BEGIN
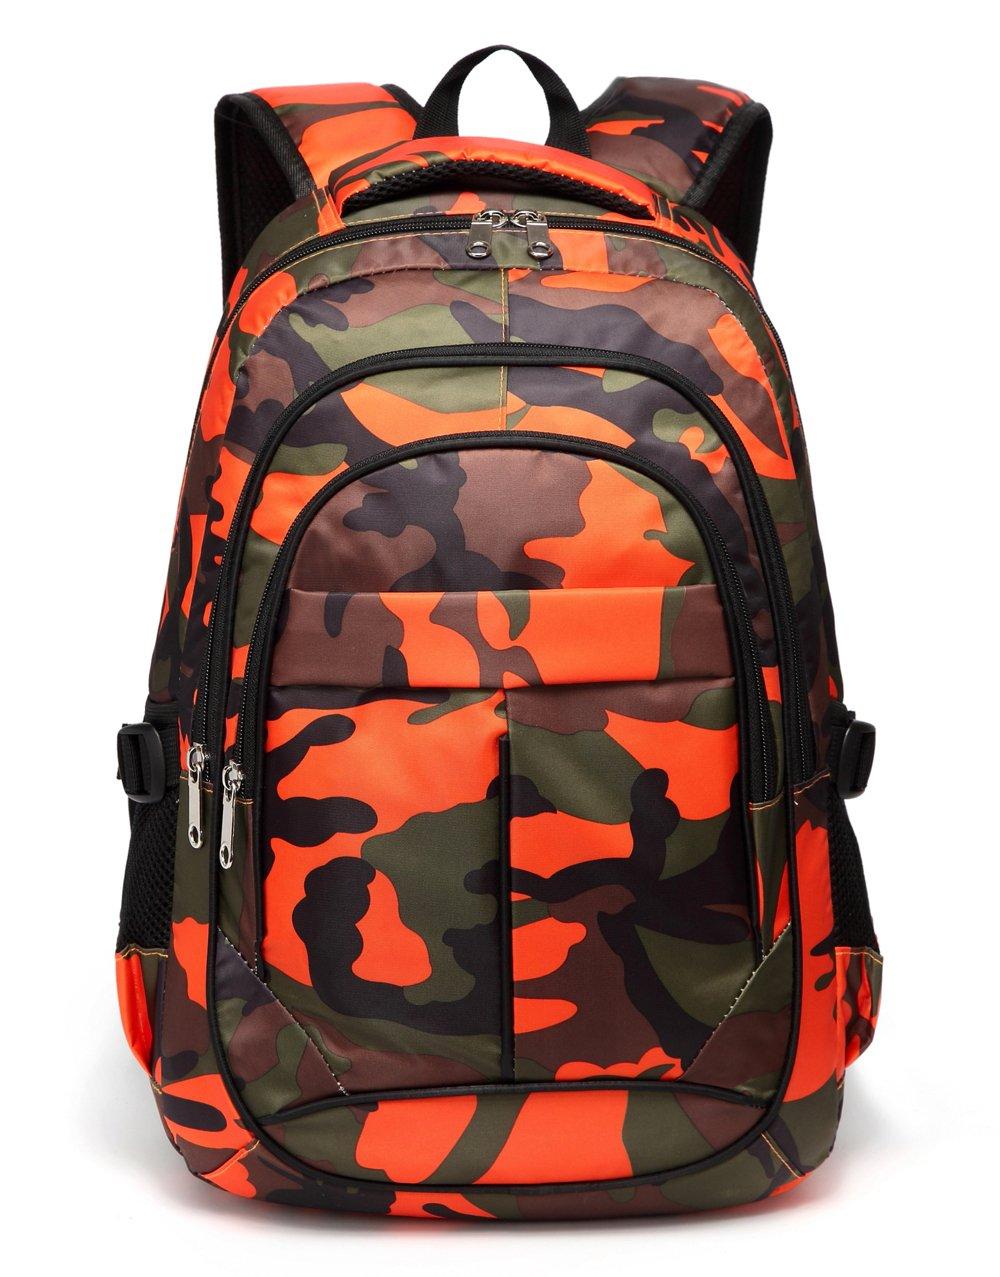 Kids School Backpacks for Boys Camouflage School Bags Durable Bookbags for Children Girls (Camo Orange) by BLUEFAIRY
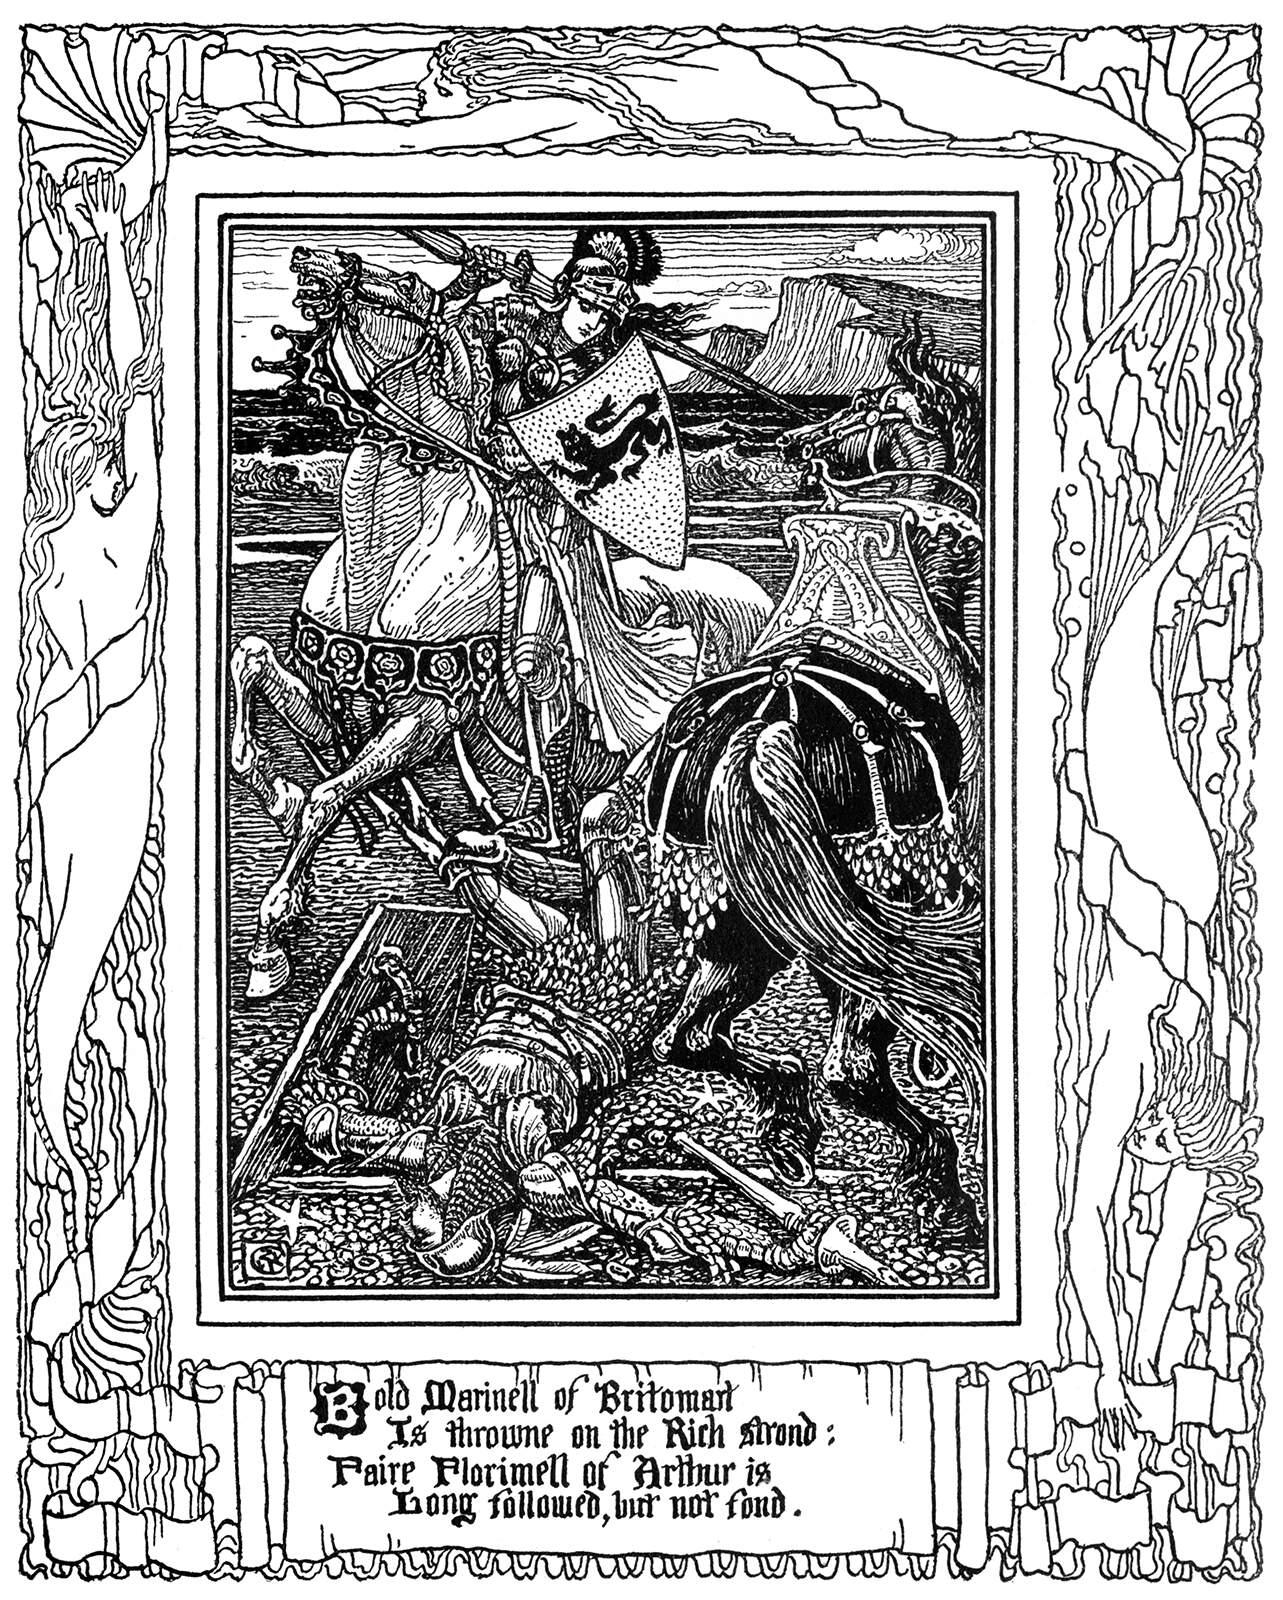 florimel-not-fond-1600.jpg (1283×1600)
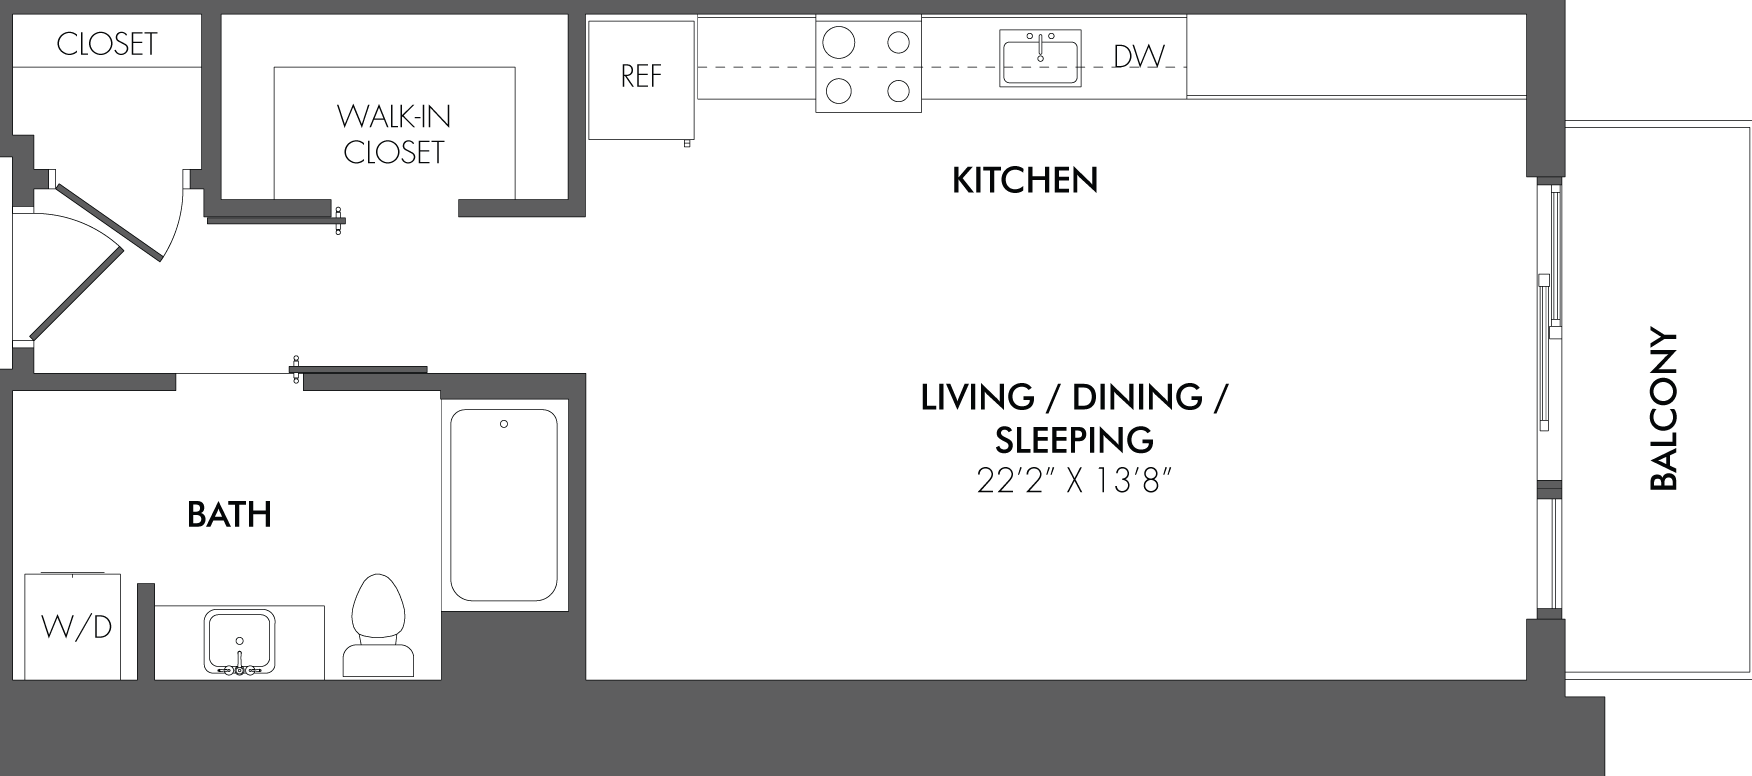 Apartment 2403 floorplan
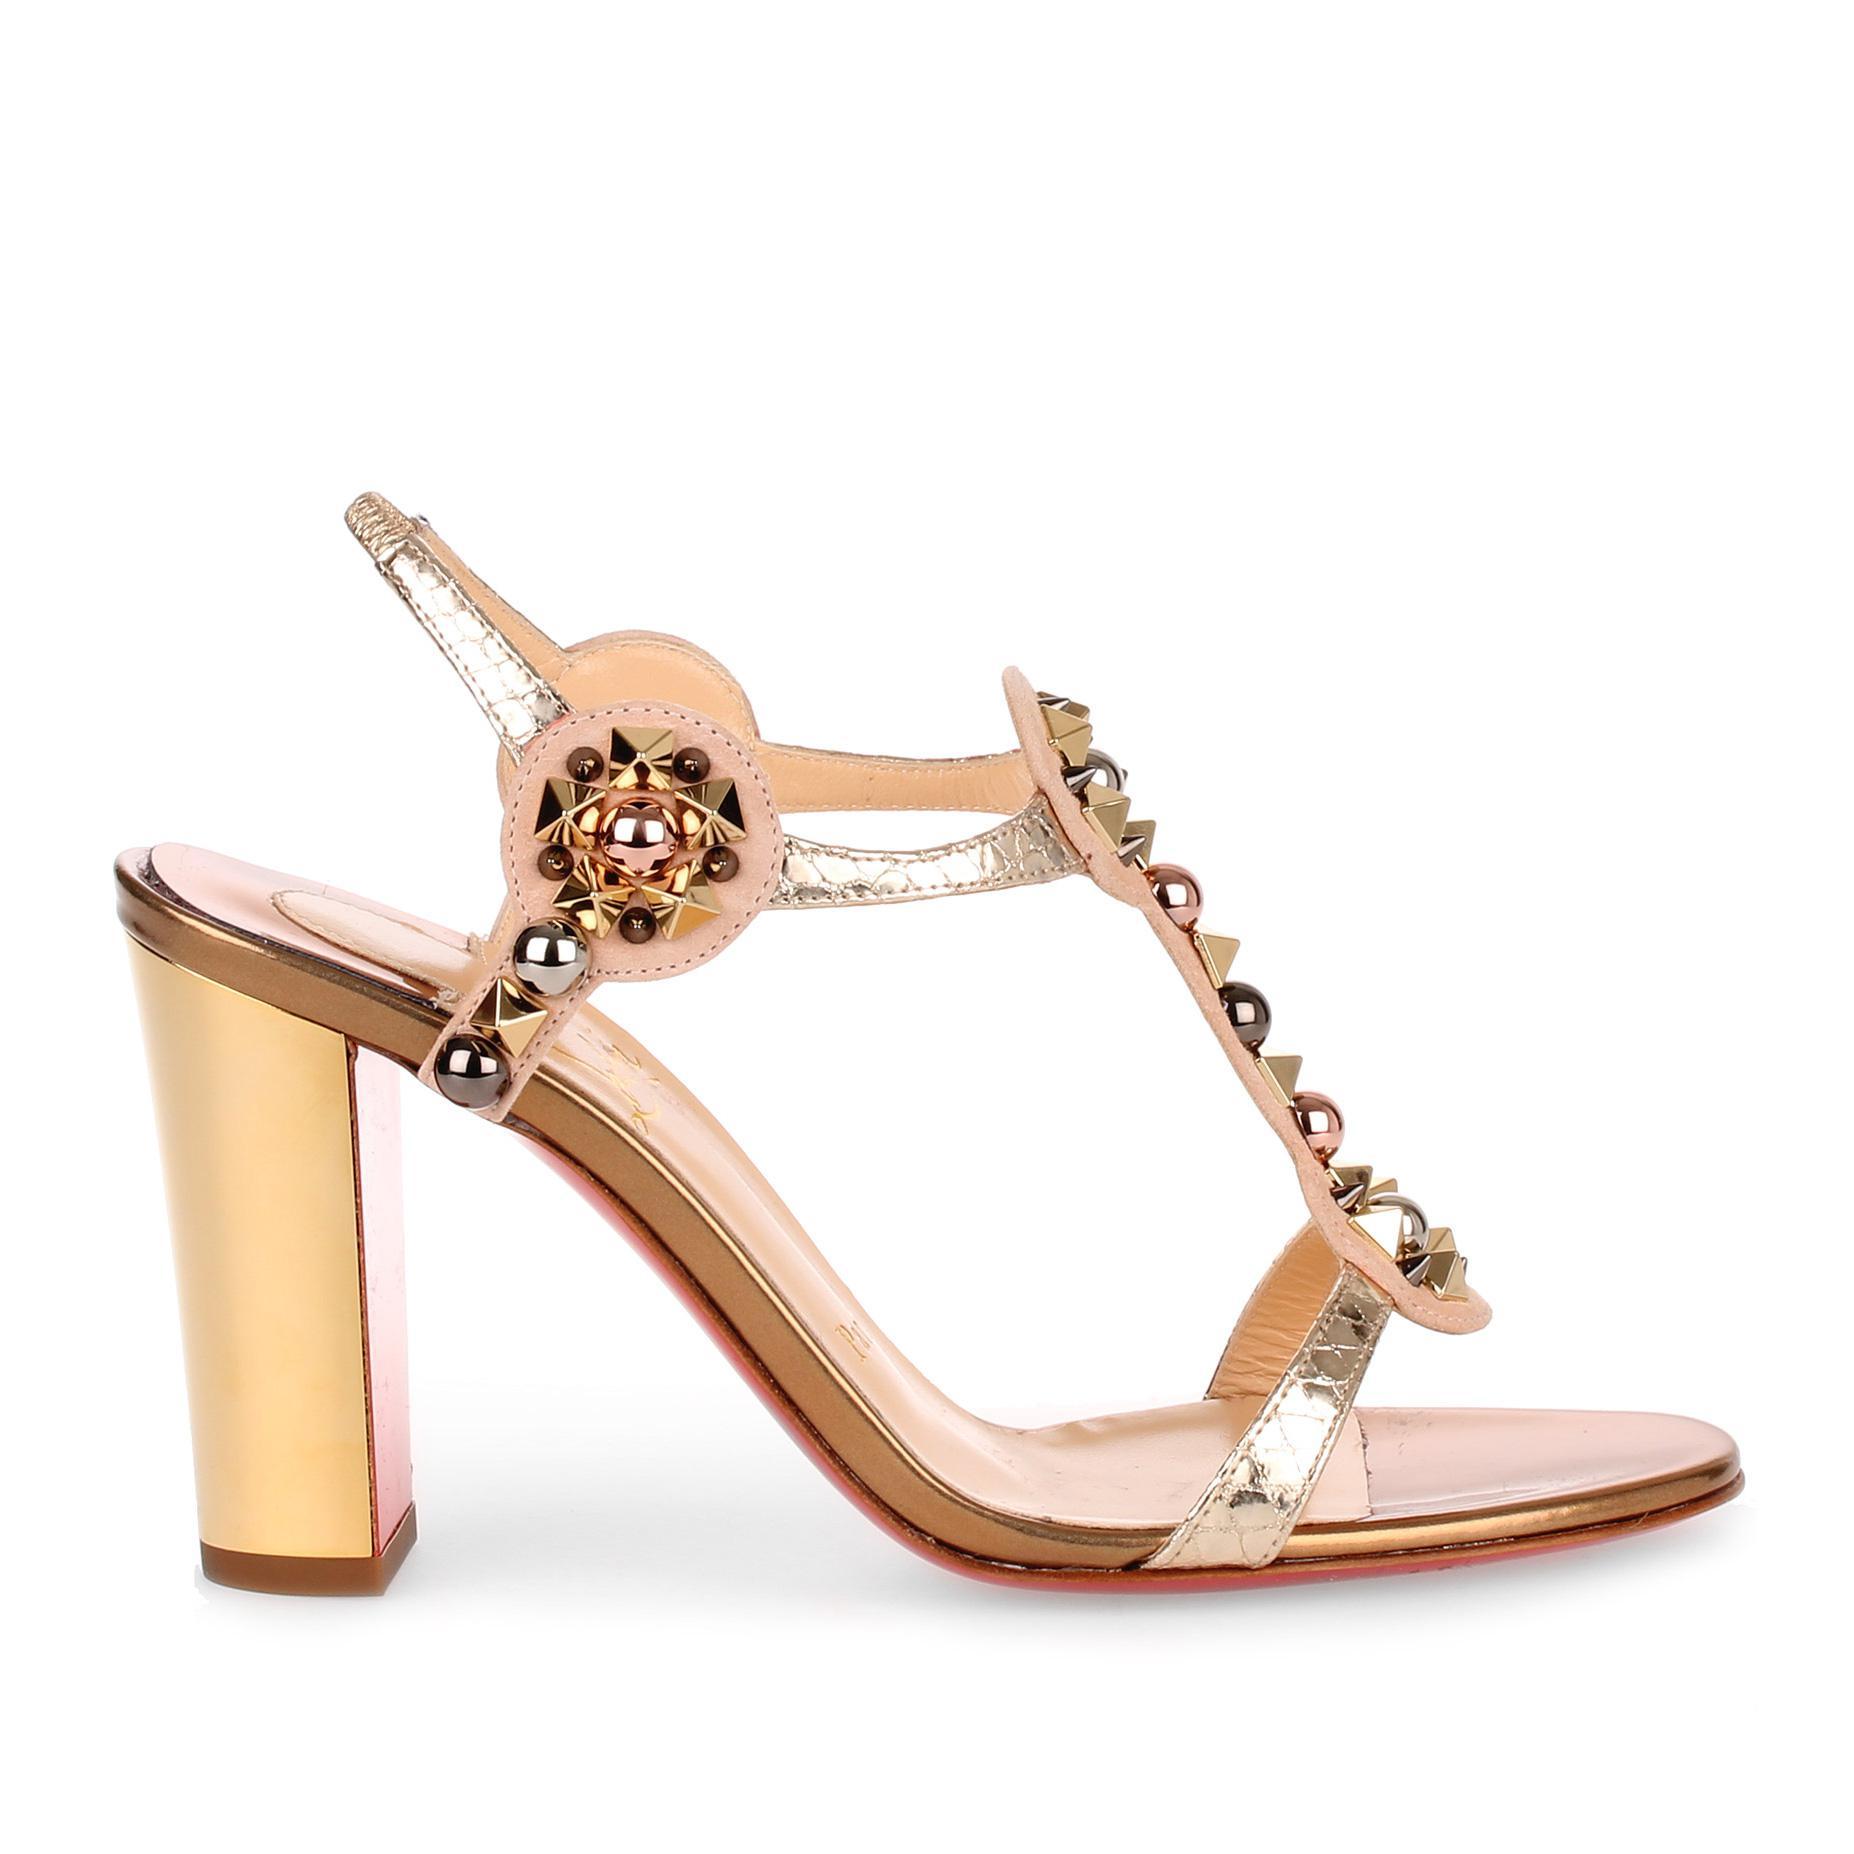 Kaleitop 85 metallic leather sandal Christian Louboutin In China Cheap Online Exclusive Online 3lma9Hyb
END
### [ASSIGNMENT]
Leaving every picture aside, transcribe exactly the lines from the one that contains "Apartment 2403 floorplan" through the final line of the listing above, inclusive.

### [RESULT OF THIS EXERCISE]
 Apartment 2403 floorplan
 Kaleitop 85 metallic leather sandal Christian Louboutin In China Cheap Online Exclusive Online 3lma9Hyb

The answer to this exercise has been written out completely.